According to Zenz, the files were made available through a “hacking attack directly on police computers and even computers in detention camps” and from public security bureau computer systems in Ili and Kashgar governorates in Xinjiang.[1] The Xinjiang Police Files were the most comprehensive publicized leak on the state re-education camps in Xinjiang to date.

These are the portraits of thousands of Uyghurs: young, old, women and men. They were taken either at a police station or on arrival at a detention camp.

In the Konasheher district in the far west of China, over 12% of ethnic minority adults were detained in 2018. This detention rate exceeds that of Stalin’s era.

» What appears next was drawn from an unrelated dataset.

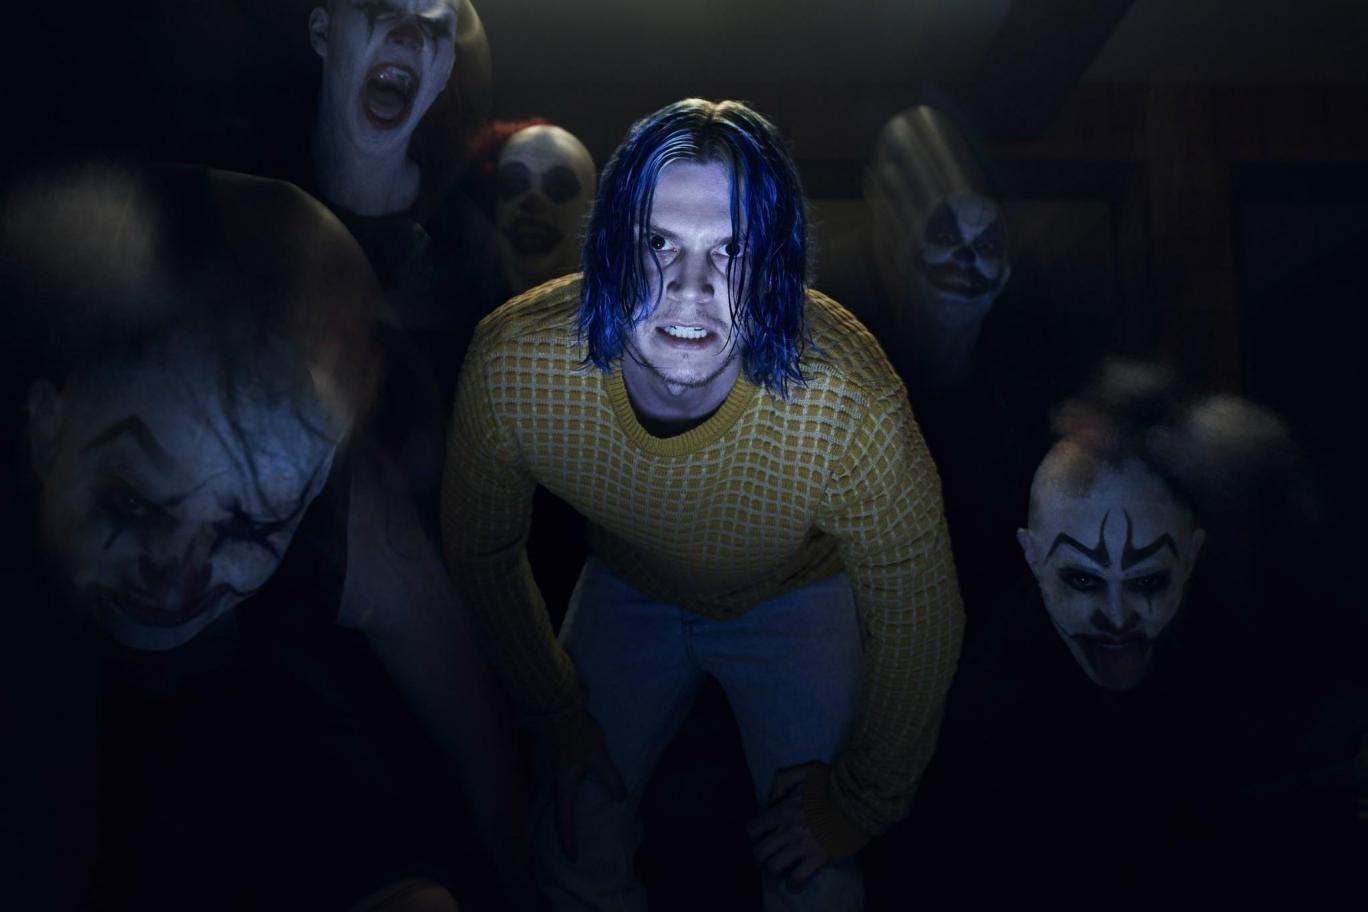 American horror story greek online dating
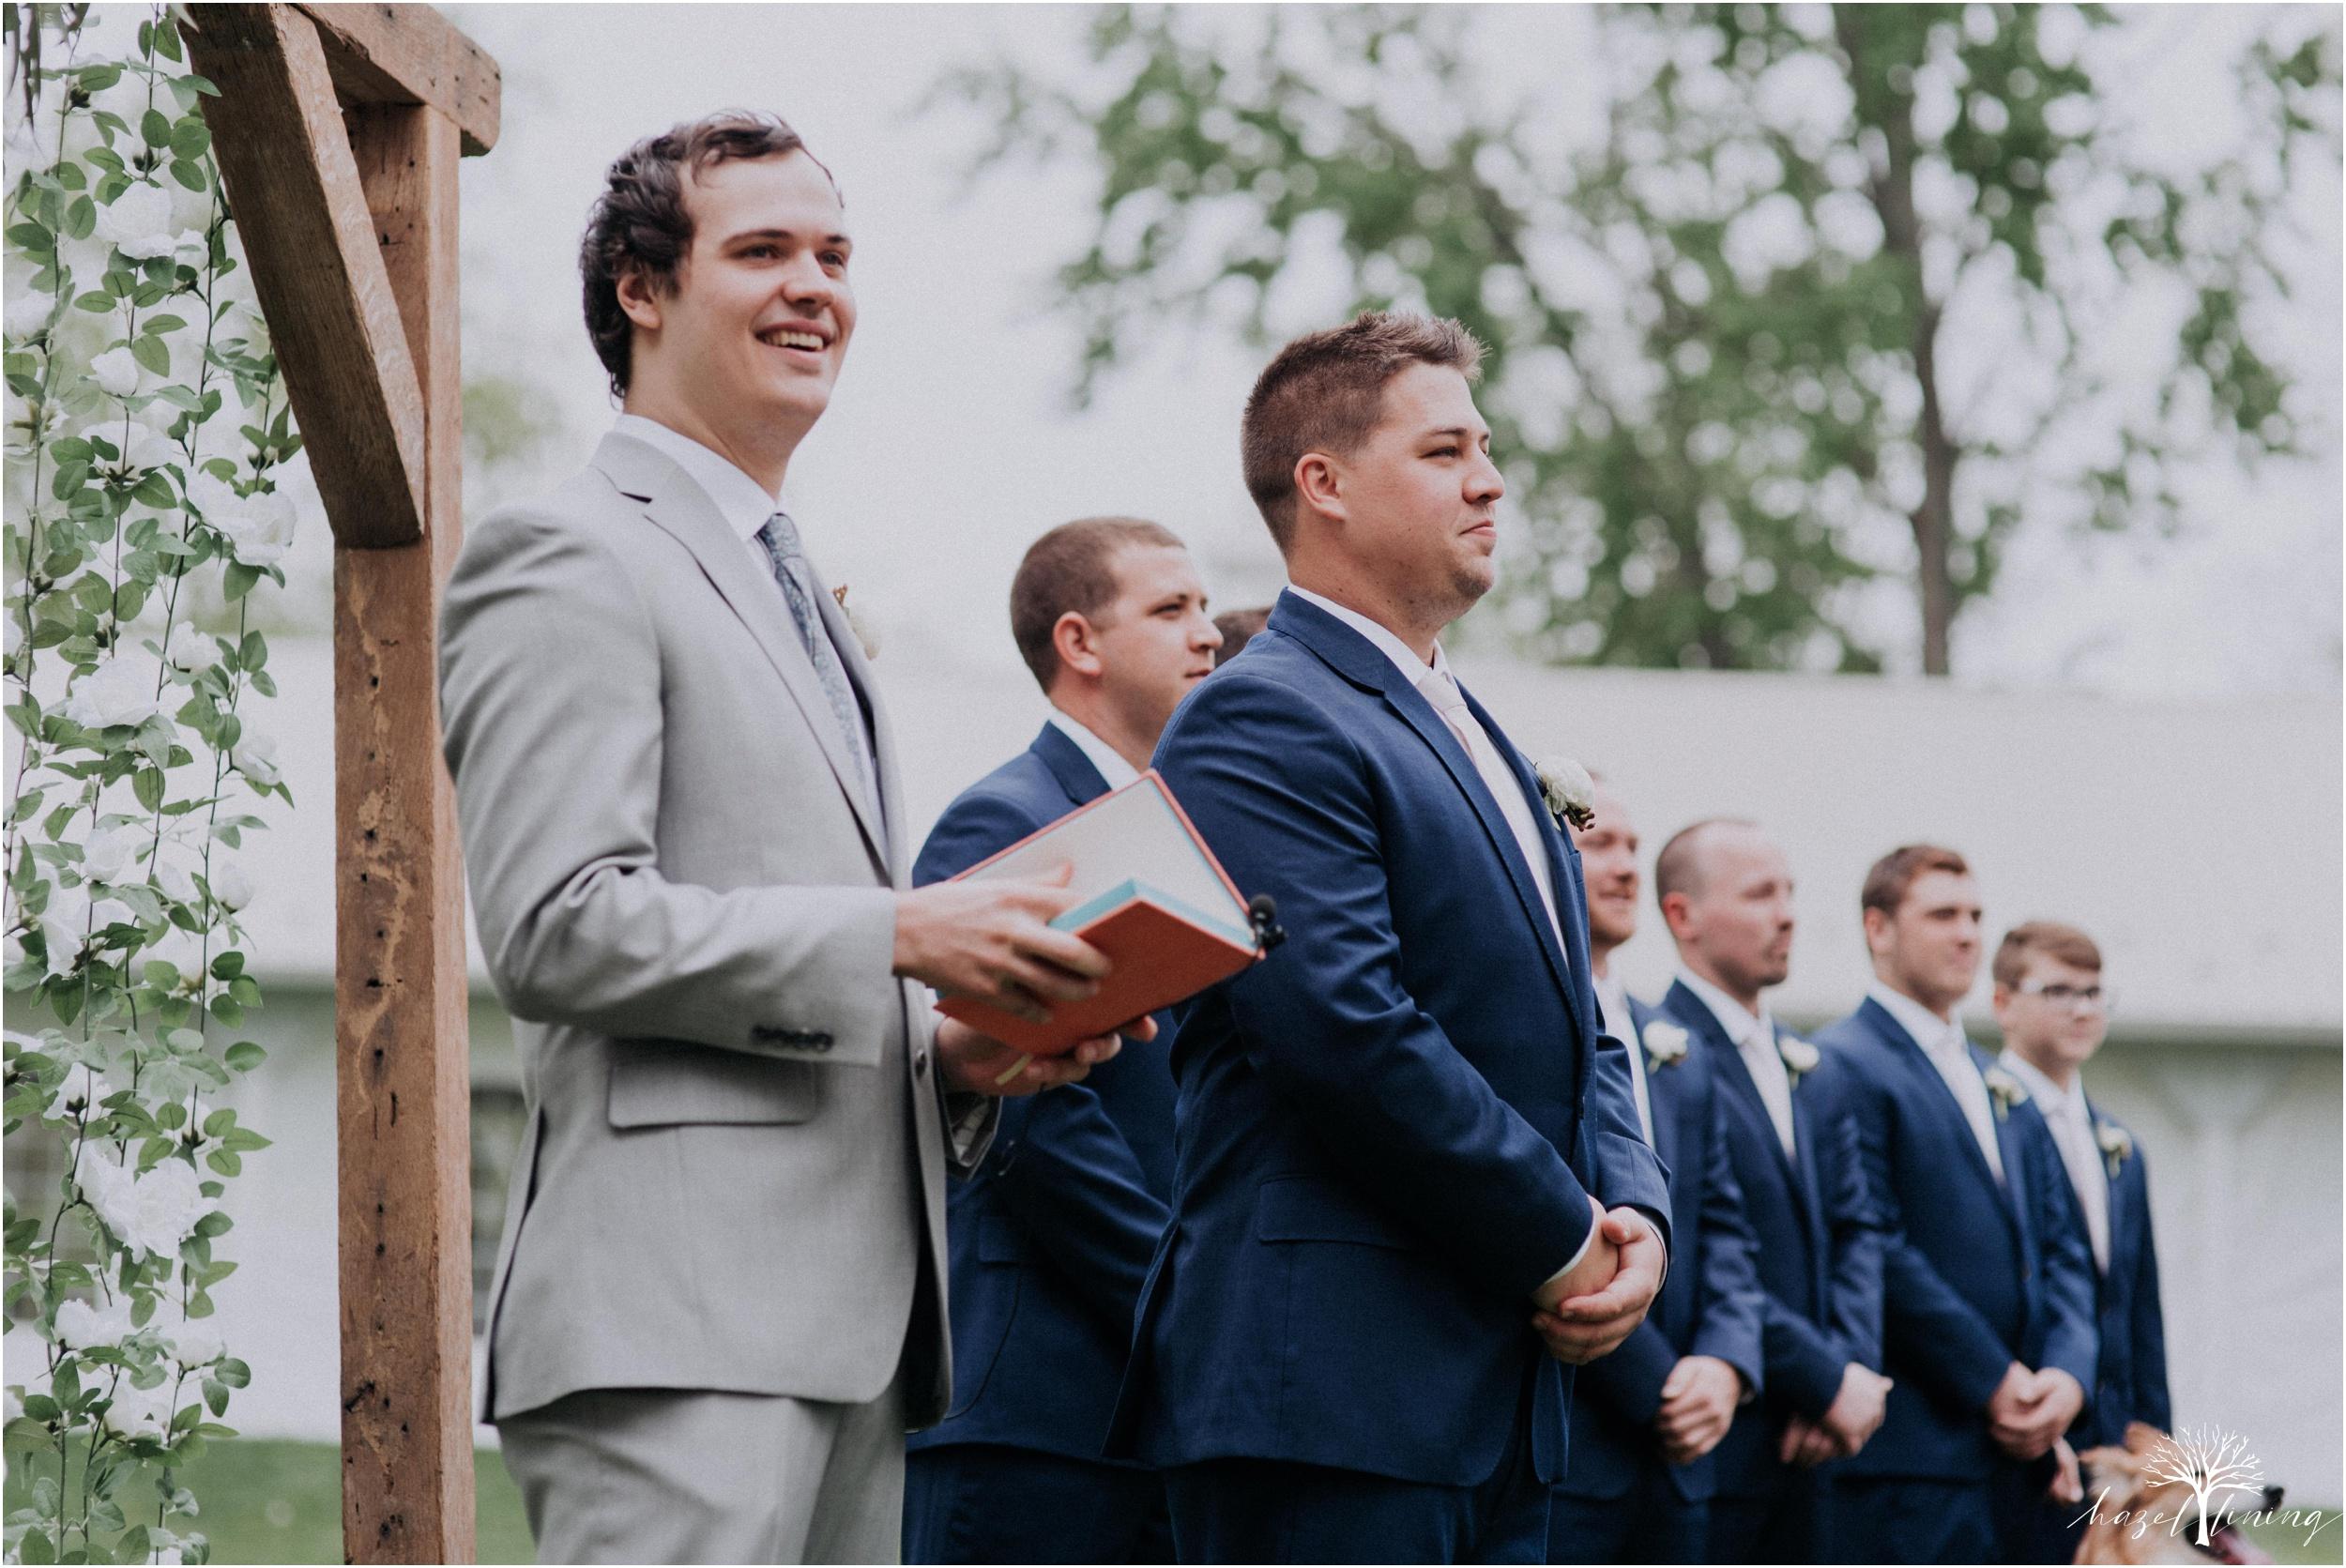 hazel-lining-travel-wedding-elopement-photography-abby-skyler-hunt-the-willis-house-york-pennsylvania-outdoor-estate-wedding_0077.jpg

“If students do not listen to the instructions, armed police officers can fire warning shots. If the students do not yield to this deterrent, if they continue to escalate the tension, try to escape or take the officers’ weapons, the officers will kill them.” This is how discipline works at a “Vocational Skills Education and Training Center” (VSEC) for Muslim minorities in Konasheher, also known as Shufu, in the Xinjiang Uyghur Autonomous Region (XUAR) in northwest China.

This “instruction to eliminate disruption and any attempts at escape during classes” was originally issued in 2018. It was found in a batch of some 100,000 hacked police documents. Many of them are devoted to the “educational transformation” of the Uyghurs. Their mass confinement is defined as being for “re–education” purposes by the Chinese Communist Party (CCP).